In the application server world, clustering is typically implemented to promote redundancy and scalability, subsequently with a goal toward high availability—that is maintaining uptime on customer facing sites or services. It’s a common assumption that these same concepts apply when it comes to clustering on Adobe Experience Manager 6.x. Right?
Not so fast.
If you read the fine print, clustering on AEM is not recommended by Adobe on publish instances. You see, clustering on AEM introduces a new level of dependencies and complexity due to the reliance on MongoDB secondaries across data centers, and thus the argument is that clustering in AEM can decrease reliability and performance. That direction from Adobe pretty much throws the the whole high availability clustering use case we find in the application server world out the window.
Instead Adobe recommends stand-alone TarMK farms for failover of publish instances. Farms have better performance, are easily scaled, and because they are synced with the Author instance, are inherently fault tolerant. But where to cluster then?
There are several uses cases for clustering the AEM Author instances, but as you may have read in my other posts, I am not a fan of clustering author instances simply for failover. That can be achieved using TarMK Cold Standby’s with far less complexity and moving parts. See: AEM Infrastructure Series: Disaster Recovery Basics.

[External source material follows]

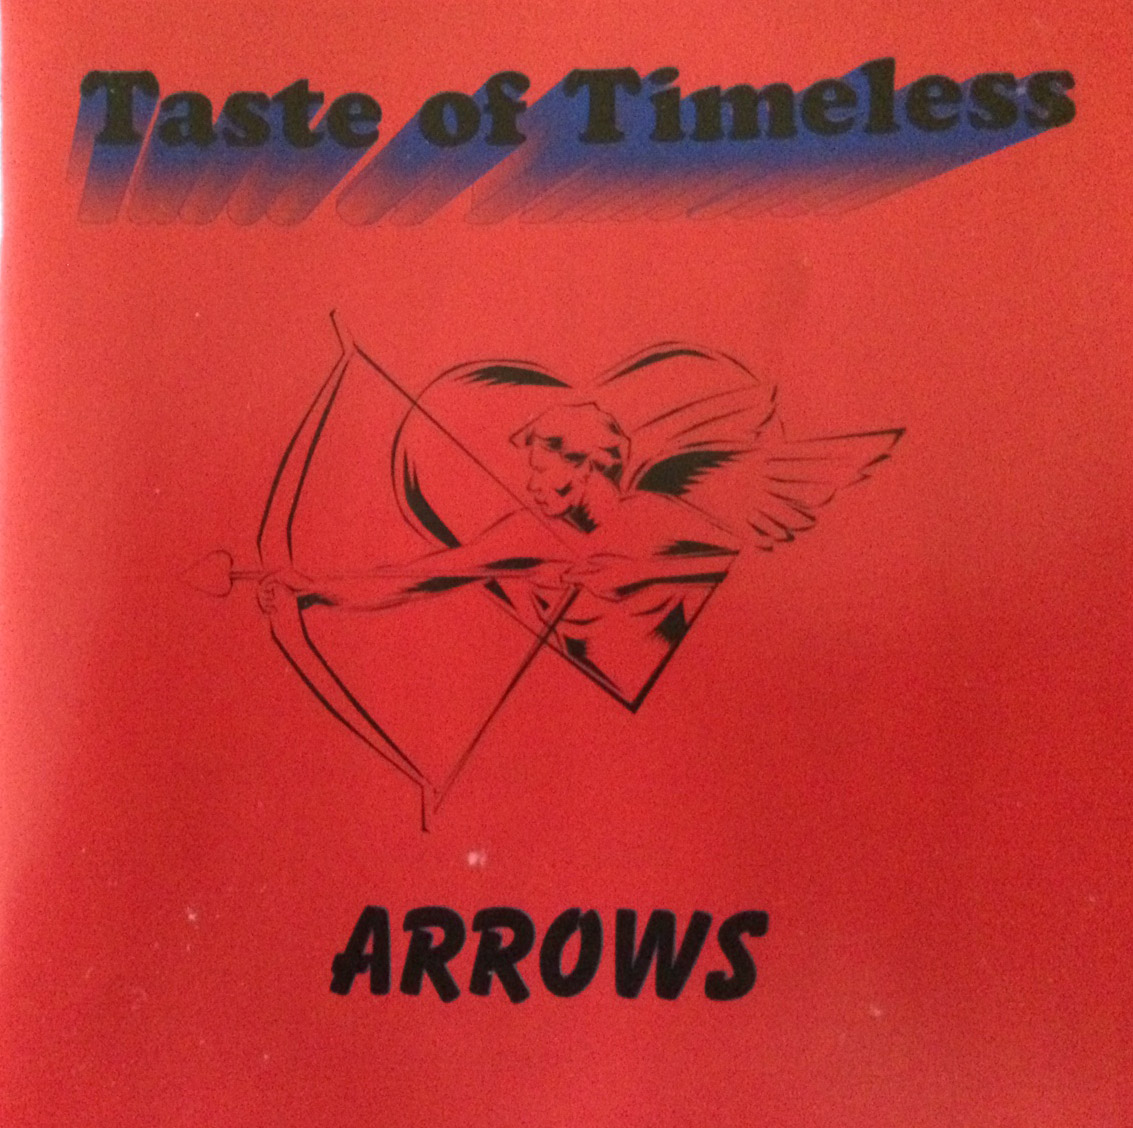 Taste of Timeless, Arrows - CD - original

For me to recommend a clustering deployment, I like to see one of these use cases:
- Exceeding the authoring capacity limits of concurrent editors and contributors (the users accessing the authoring server). And (this is important) where sharding the author instance is not feasible. More about this later.
- Where regional performance of the authoring instance is important. Authoring in AEM tends to be “chatty” and low latency can vastly improve the perceived performance of an author instance.
- Where uptime of the authoring instance is critical—organizations that cannot survive even a few minutes of authoring downtime (I’ve yet to encounter this when you dig deep).
In simple terms, sharding is a technique used to split very large databases into smaller, faster more easily managed parts. An often overlooked option is to manually shard the authoring instances, that is to physically split the sites into separate AEM authoring instances. These could be:
- Physical sites, e.g. a primary www vs. a support or intranet site.
- Portions of existing sites, e.g. localized sites where live copies are not required.
- Separating global assets from the primary site authoring instance, e.g. a Global Corporate DAM.
Keep in mind that with independent author instances, each can have their own TarMK Cold Standby, be regionally located to reduce latency, and have separate maintenance cycles. And you don’t need Mongo DBA resources.
Sharding requires careful forethought and planning, often digging deep into the use cases and asking lots of questions and making decisions. This should be done during your initial AEM standup—questions and advice your AEM consultants should be providing.
Why performance tips? Because maximizing performance of your authoring instances can reduce or eliminate the need for clustering based on concurrency. Remember that Oak uses out of process memory for deserialization, speeding up performance. Thus where in a 5.x system we could get along with 8-12 GB of memory, in a 6.x system we recommend 64 GB with 8 GB of JVM. Also:
- Dedicated CPU cores can increase performance. We typically recommend 12 or 16 cores.
- SSD storage for the repository folder.
- If your internal infrastructure team is balking at that much SSD storage, using Oak FileDataStore to separate the document store to slower magnetic media, while leaving the node store on the faster SSD media. Note: we are still waiting for Adobe’s blessing on using the newer and more efficient Oak FileBlobStore. As of this writing it’s technically available, but not supported.
- Use Sling Offloading to offload high CPU jobs.
All of the above will help you extract more performance out of a single licensed AEM author instance, and thus further reduce the need for clustering due to concurrency.